The inequities in the structure of public sector compensation are not new and did not arise overnight. Decades of tinkering with compensation systems without solving fundamental issues are contributing factors.
However, this government, your government has decided to take on this decades old problem, because we care about our workers, and we recognize that the current structure is untenable.
This Government, your government, working in partnership with public sector unions, made the decision for us to all engage in the hard work of addressing the structural inequities in public sector compensation through a major public sector compensation restructuring exercise.
The restructuring exercise is designed to remove inequities, make compensation simpler and more transparent while ensuring that Jamaica’s finances remain sustainable.
We recognize that it will not be an easy process, there is pent up anger, mistrust from broken promises, and contentious issues to grapple with. However, rest assured your government is listening.
As a nation, our industrial relations has matured significantly since 1938.
The Government recognizes the significant social and civic capital in our labour movement, and we are confident that together labour and Government can cooperate to usher in the most significant institutional reform of public sector compensation in Jamaica’s history and further to see to the improvement in standard of living and wages generally in the economy.
We recognize too, the importance of utilizing the systems and mechanisms in place to resolve industrial disputes to ensure our economy remains stable so we can be better equipped to respond to the needs of our valued labour force.
We banded together to get through the worst of the pandemic, let us remain united as we emerge into a period where Jamaica is poised for economic take-off and success. Jamaica is heading in the right direction. Together as one family let us sit down around the negotiation table to see how we can make everyone better off.
The theme for this year’s Workers’ Week is “Re-position Jamaica’s Labour Market Post-COVID”; capturing perfectly the thrust of the government which is to place greater emphasis on our country’s human resources to unlock Jamaica’s true potential, and to increase opportunities and shared prosperity for all.

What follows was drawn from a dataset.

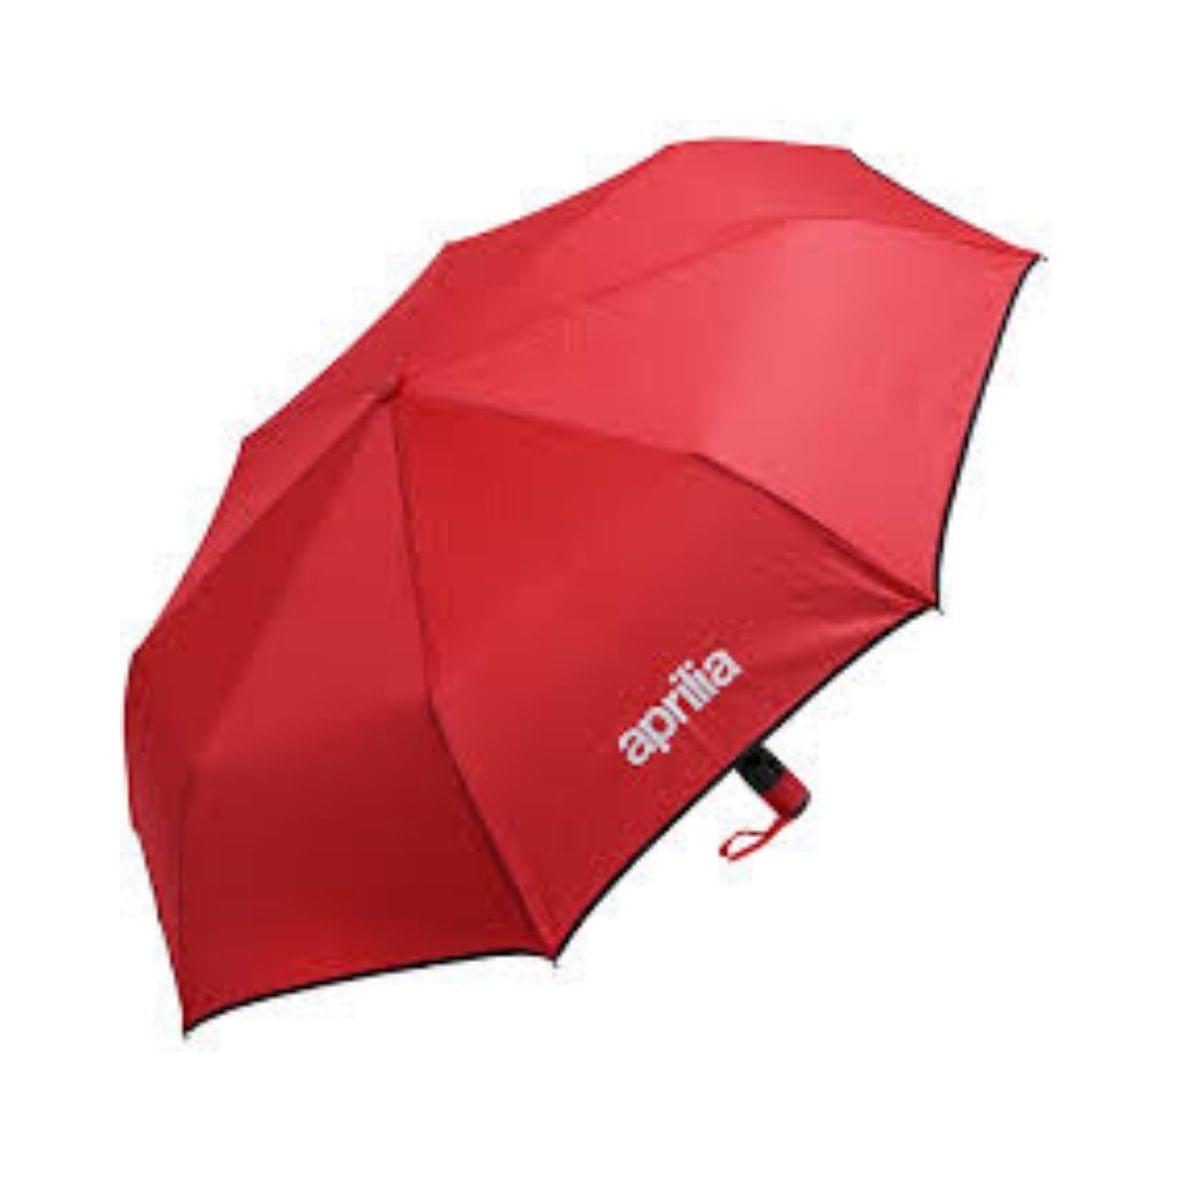 Aprilia Umbrella

We are even more determined to achieve this as we celebrate our 60th anniversary of Independence.
After two years, this labour day finds us enjoying some freedom of movement and gathering. We are able to return to some level of normalcy, our children are in school, and our economy is returning to full productivity, because of the collective sacrifice and cooperation of all Jamaicans, and most critically, because of the dedicated work of our frontline and essential workers and to them we remain deeply thankful.

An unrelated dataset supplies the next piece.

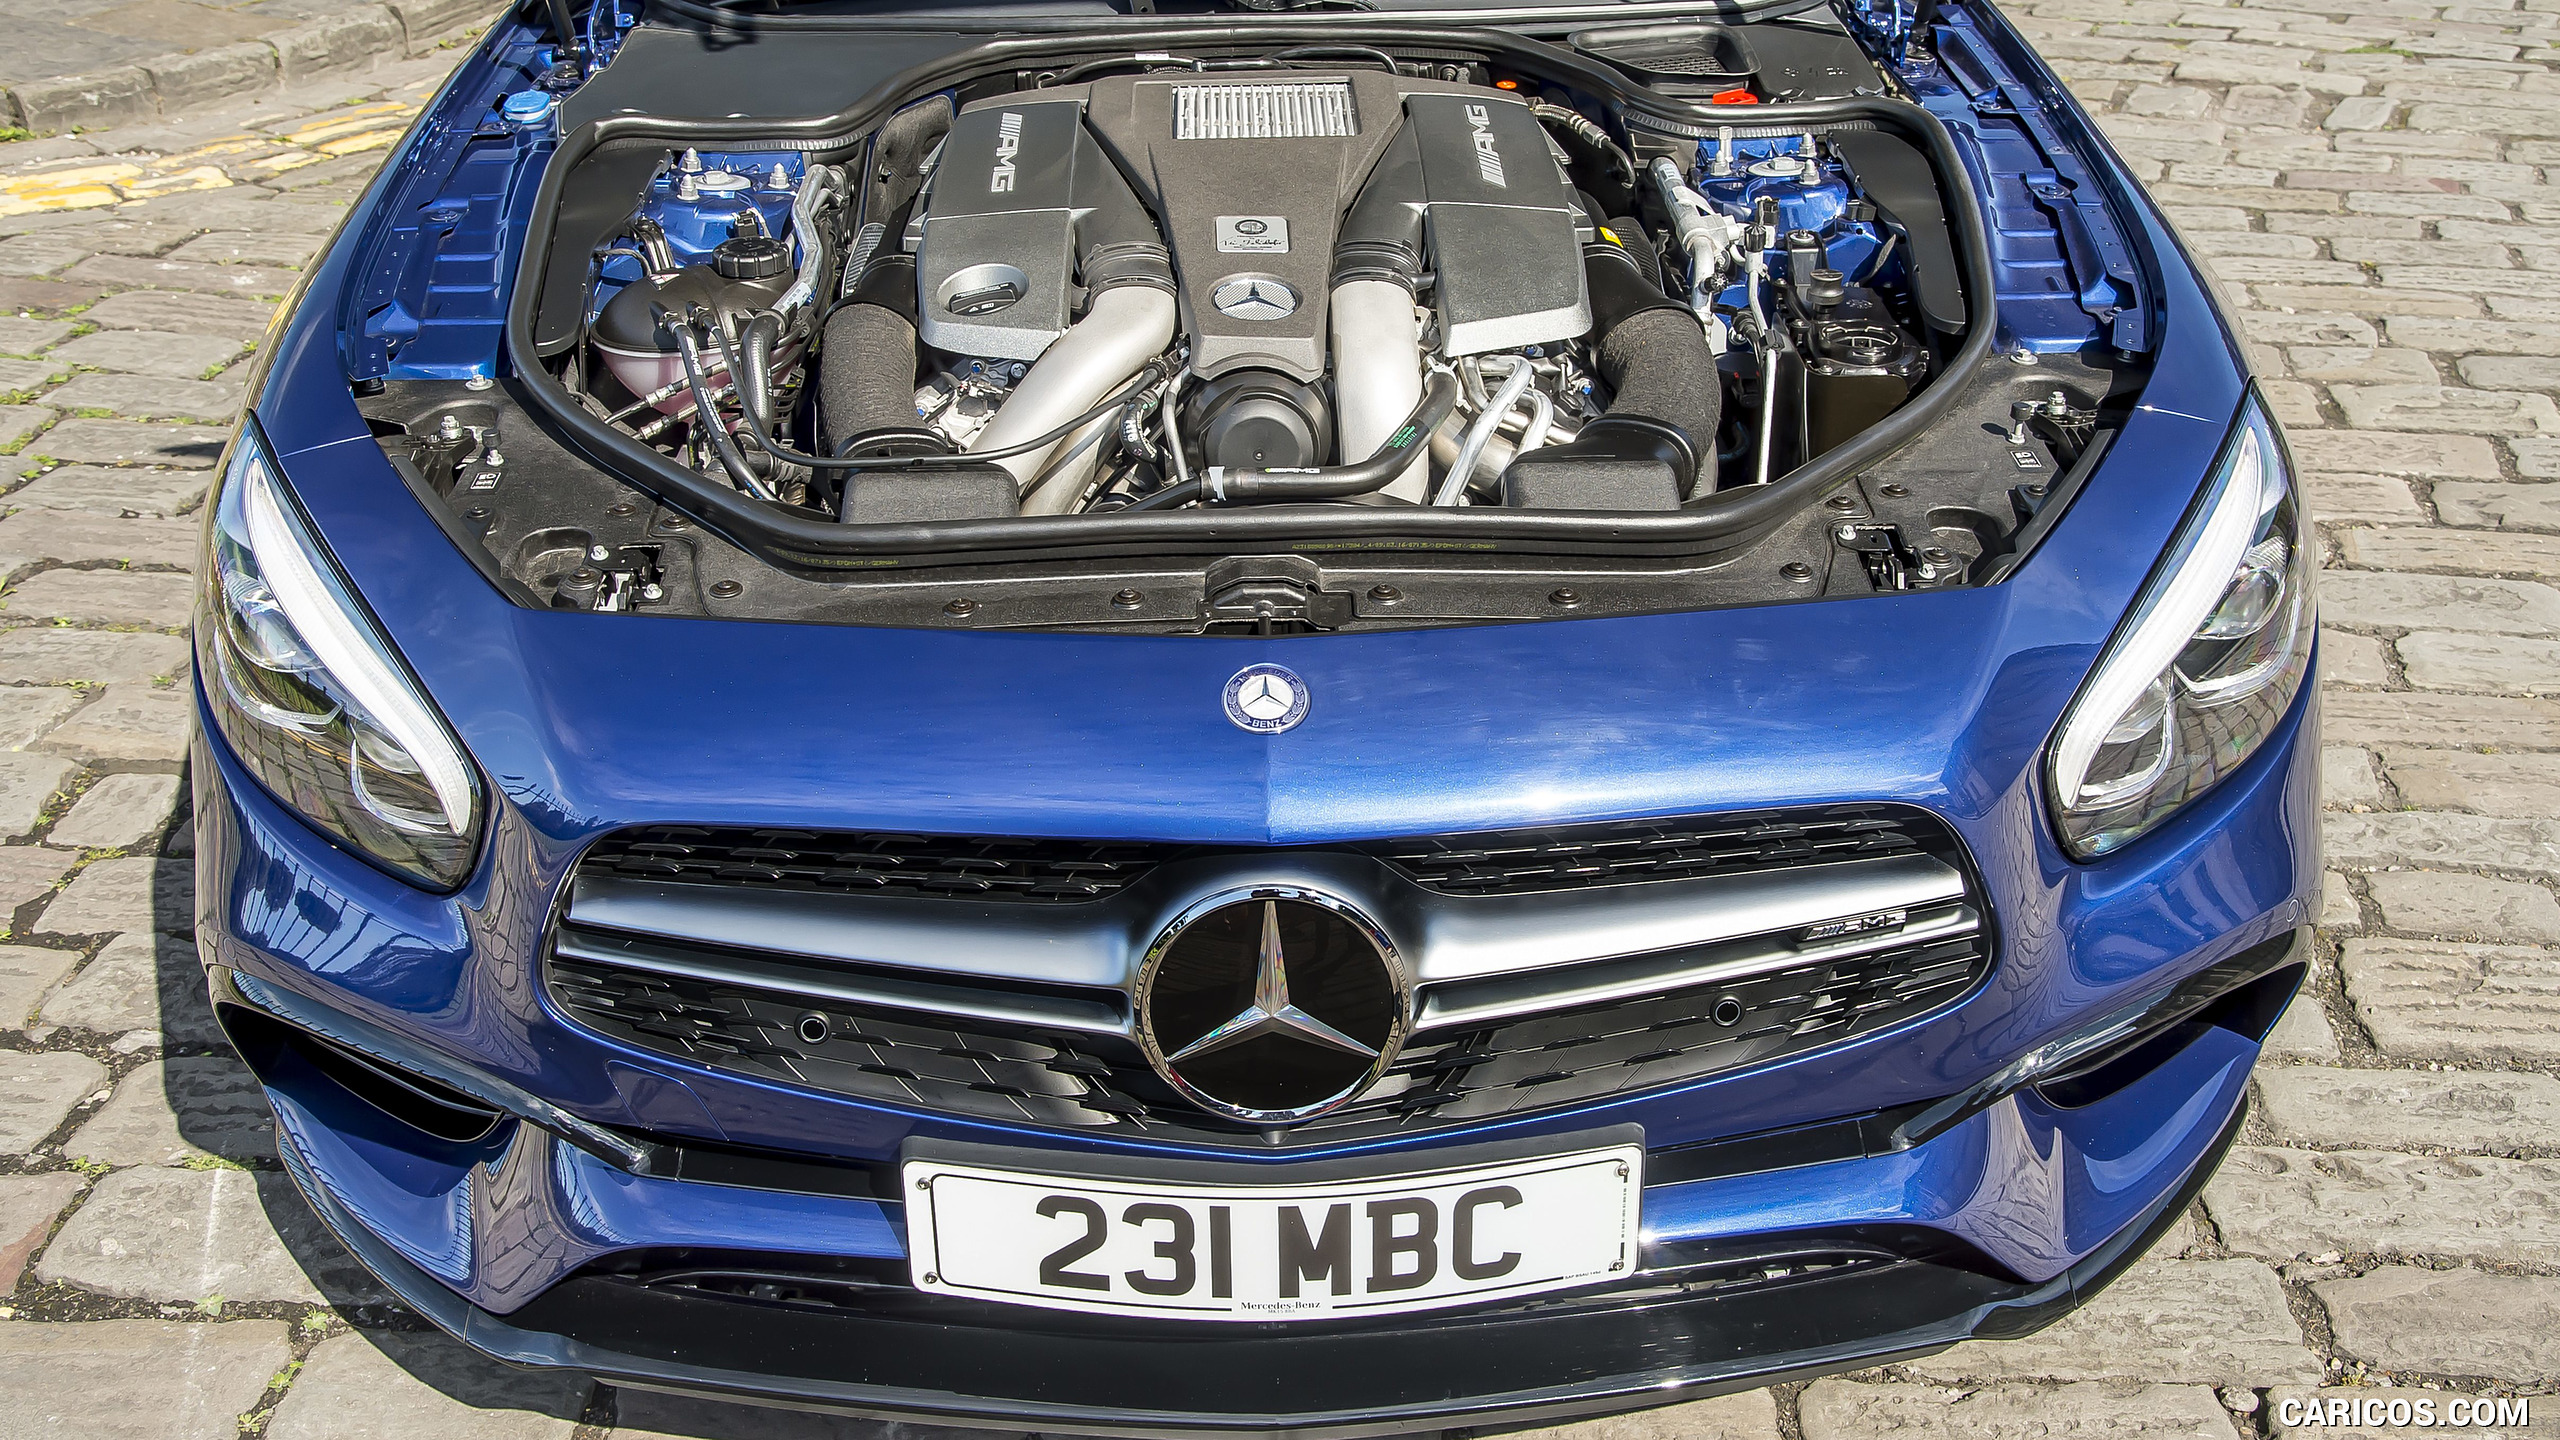 2017 Mercedes-AMG SL 63 (Color: Brilliant Blue; UK-Spec) - Engine, #87 of 88

The freedom to be out and about this labour day means we can mobilize to a greater degree within our communities and across the country, as we action this year’s Labour Day theme “Re-igniting a Nation for Greatness: Protect our Heritage and Environment” which calls on us to “Make Jamaica Criss an Clean.”
However, we must do so responsibly, especially as we are now closely monitoring the effects of a fifth wave of the pandemic, you saw me in my mask earlier.
I will be participating in the National Project at Mandela Park in Half-Way- Tree. I invite all Jamaicans to come together in your various communities and clean up, criss’ up and nice up the place. And oh, by the way, I know many of you will be going out to parties and going to the beach, please…please, please, please, drive carefully. Use our roads carefully.
As Jamaicans, let us tap into our resilience, creativity and indomitable spirit and control what we can in the face of challenges. Let us shake off the difficulties of the last two years and take advantage of the opportunities before us. Together, as we have shown many times in the past we will arrive at satisfactory solutions. Jamaica needs to stay the course as we are heading in the right direction.
Happy Labour Day, God bless you, God bless your family, God bless Jamaica Land We Love.